Nutritional advantages of Raw Milk, Grass-fed animals, and Pasture-based Farming
Health benefits of raw milk
- Prevents tooth decay
- Promotes growth and calcium absorption
- Prevents joint stiffness
- Protects against asthma and allergic skin problems
- Prevents scurvy and protects against flu, diphtheria, and pneumonia
- Resistance Children who drink raw milk have more resistance to TB
- Enzymes: All the natural enzymes in the milk are available to your body to assist with digestion.
- Proteins: All 22 amino acids and 100% of the proteins are available to your body.
- Fats: All 500 saturated and unsaturated fats are available. Fatty acids (essential for every cell if the body to function) are the source of all flavor and ft-soluble vitamins.
- Minerals: 100% of calcium, chlorine, magnesium, phosphorus, potassium, sodium, sulphur, and vital trace minerals are available to your body.
- Vitamins: All fat-soluble and water-soluble vitamins are 100% metabolically available to your body.
- Carbohydrates: The lactose in raw milk is slowly and safely absorbed.
- Bacteria: 95%+ of the bacteria in raw milk is beneficial to the body. The good bacteria also retards the growth of any posssible bad bacteria in the milk. Raw milk will keep safely for 2 weeks in the refrigerator, even when it goes sour!

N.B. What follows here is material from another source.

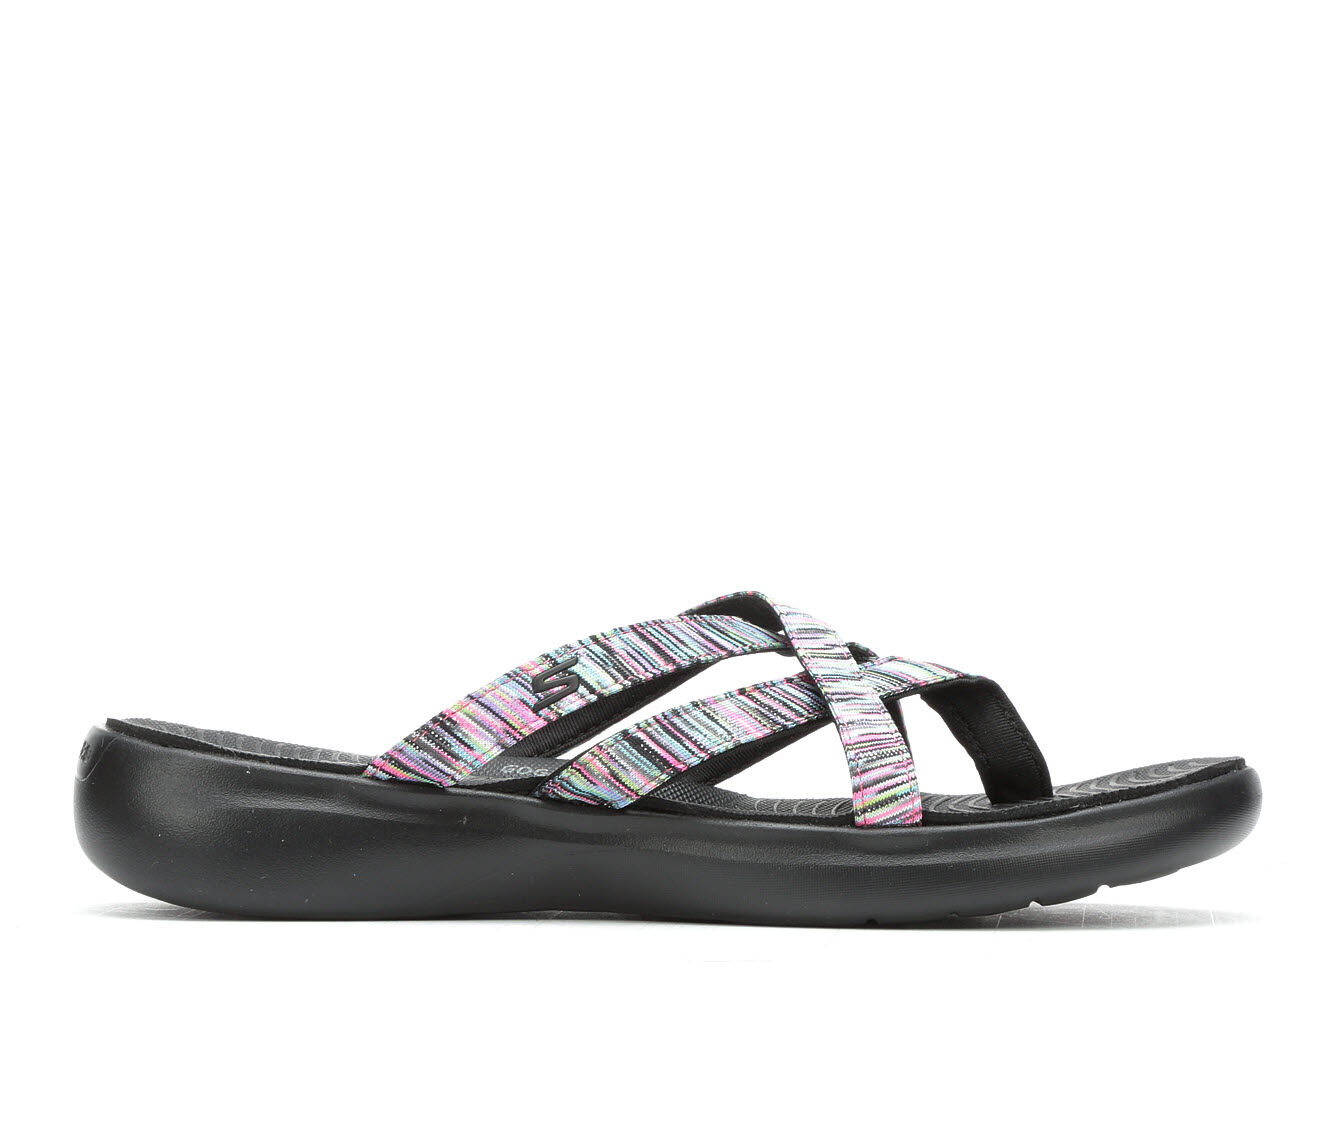 new arrivals Women's Skechers Go Go Luxe 16282 Sandals Black Multi

Health benefits of 100% grass-fed cattle
- Fat Content: Same amount of fat as wild game or skinless chicken breast
- Cholesterol: Lean red meat as a class has been proven to lower bad cholesterol and boost good cholesterol.
- Omega-3 fatty acids: The omega-3 fatty acids (which are found in much higher concentrations and healthier balances than in grain-fed cattle) are essential for normal growth and development and lower your risk of mental disorders, heart problems, and some cancers.
- CLA: CLA shows good effects in preventing or treating cancer, obesity, diabetes, and immune disorders.
CLA helps convert fat to lean muscle.
Natural CLA (from grass-fed animals) is perfectly safe, even when taken in mega doses, whereas many supplements can be dangerous if taken in mega doses. Grass-fed cattle have 4-5 times more natural CLA than grain-fed cattle.
CLA is concentrated in the cream of the milk.
Grass-fed dairy contains up to 5 times as much CLA as grain-fed dairy.
- Beta-Carotene: Grass contains beta-carotene. Therefore, the meat, eggs, and daify from grass-fed animals is a great source of this vitamin.
Naturally yellow-colored, beta-carotene gives the fat of grass-fed animals a rich yellow hue, which is very different from the pasty white, vitamin-deficient grain-fed fat.
Health benefits of Pasture-based Farming
- Healthier for the animals:
Grass-fed animals have fewer illnesses, fewer gastric disorders, less stress, less heat stress, and fewer injuries and deaths than their confined grain-fed counterparts. They are happier, healthier, and can be just as productive (in giving milk) as grain-fed animals. (We at Grassfields don't get as much milk from our animals as confinement animals, but we also have less expense. Our focus is not on milk production, but the health of the animals and their products.) Grass-fed animals are also rarely fed antibiotics (antibiotics are never fed to any dairy cows, grain-fed or grass-fed) or given growth or production hormones. (We do neither at Grassfields.) By not giving them hormones, our animals grow at a slower, normal rate which is more comfortable to, and healthier for, them. We also give the dairy cows a break of two months from milking them just before they have their calves. This helps them keep healthy and grow a healthy calf.
- Better for the farmer:
The break for the dairy cows results in a break for the farmer also where we can get much work done that was put off throughout the year during the busy calving and harvesting seasons and also take vacations. Overall, by pasturing the cows, there is less work for the farmer, since he does not have to bring feed (in the summer) to the animals and take out their waste. Farmers who raise grass-fed animals have a greater profit margin than feedlot farmers. This is credited to less need for big machinery, less feed costs, and fewer veterinary visits needed.
- Better for the environment:
Grazing animals reduces pollution (since there is less need for tractor work), encourages plant bio-diversity, mimics the natural prairie, and contributes to the soil fertility. In addition, grazing the land (instead of tilling up the soil and planting crops every year) reduces erosion and does not contribute to run-off from huge crop fields which can infiltrate the ground and waters.